Brief
Your reply should set down word for word each line below from the one with "LA GUERRE D'ALGERIE" through the final line, both included, but none of the pictures.

Dataset content
'''

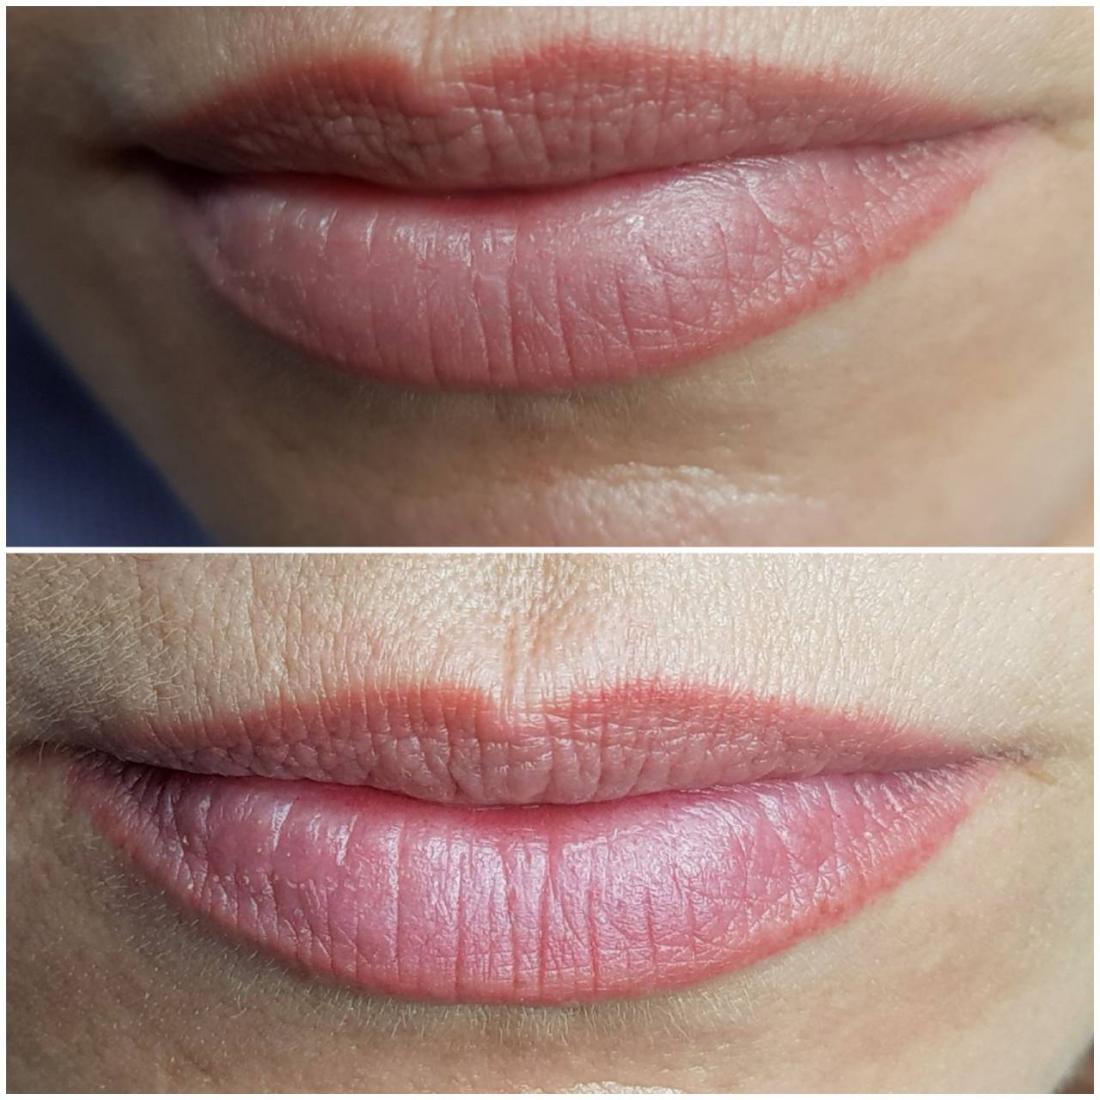 Татуаж губ: фото до и после процедуры, заживление по дням, уход
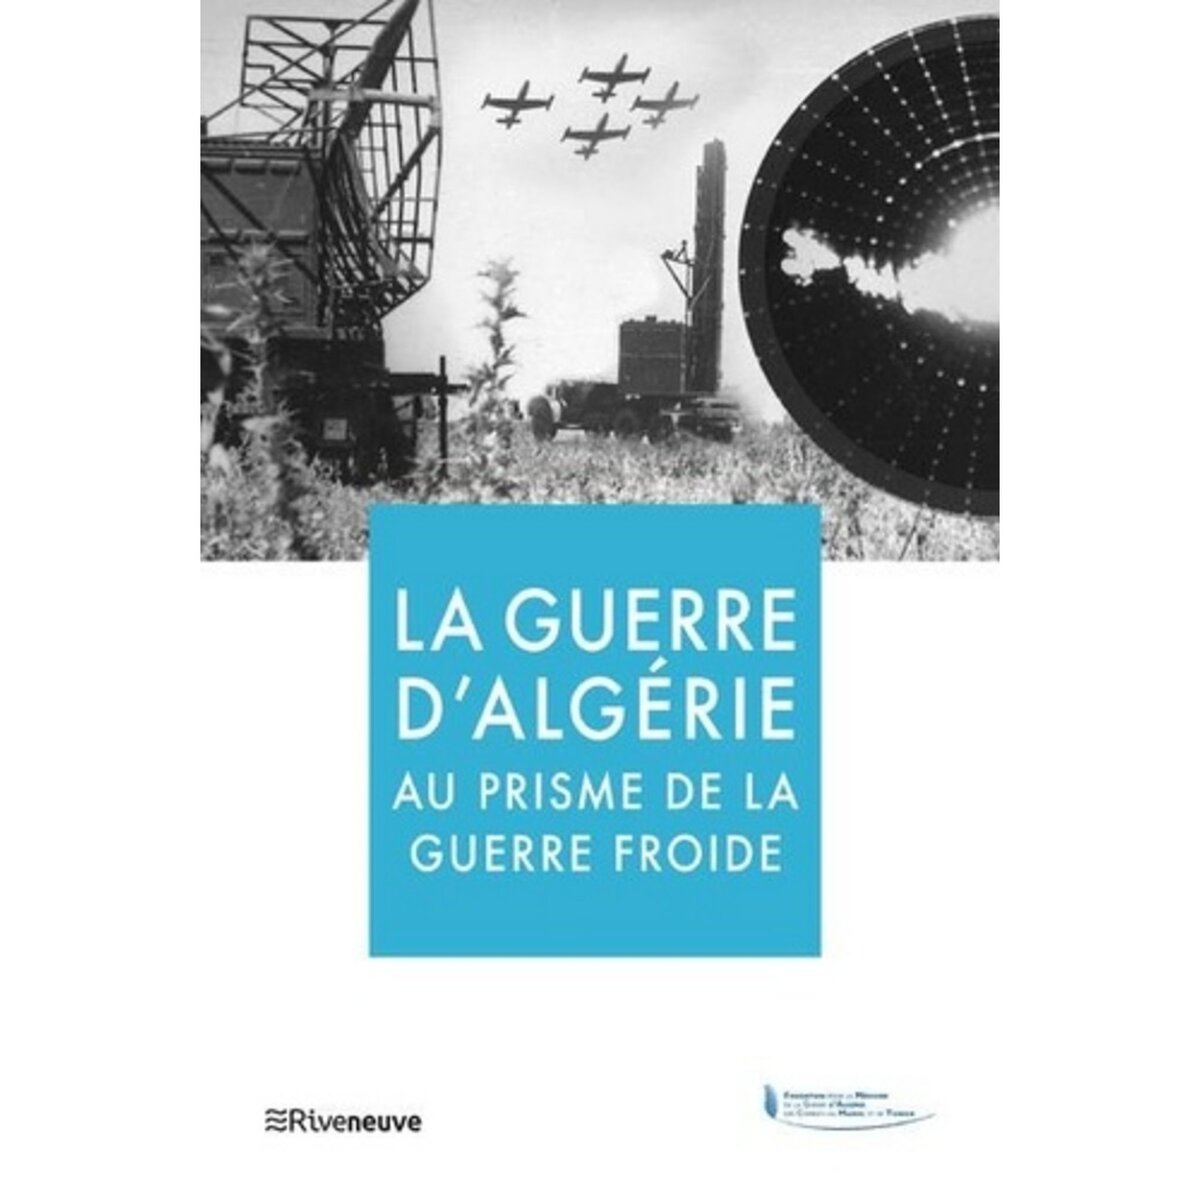  LA GUERRE D'ALGERIE AU PRISME DE LA GUERRE FROIDE, Grasset Frédéric
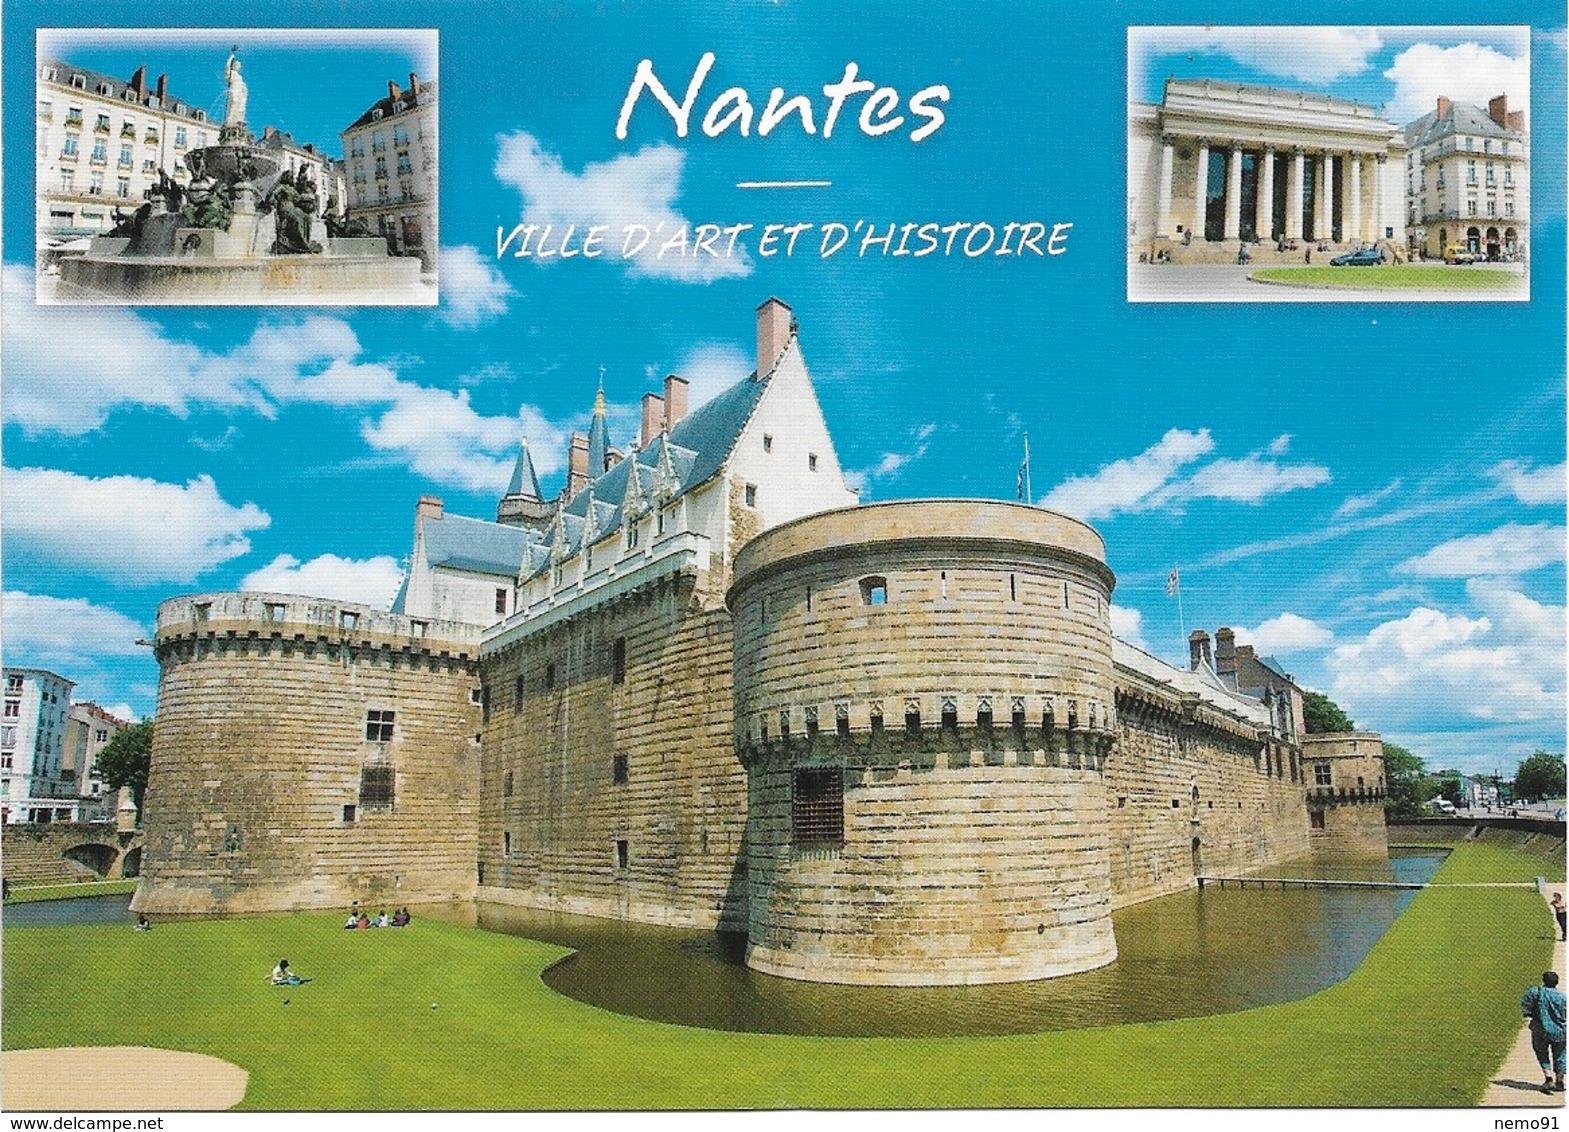 44 - NANTES - VILLE D'ART ET D'HISTOIRE -  3 PETITES VUES - CPM - VIERGE - - Nantes

'''

Answer below
  LA GUERRE D'ALGERIE AU PRISME DE LA GUERRE FROIDE, Grasset Frédéric
 44 - NANTES - VILLE D'ART ET D'HISTOIRE -  3 PETITES VUES - CPM - VIERGE - - Nantes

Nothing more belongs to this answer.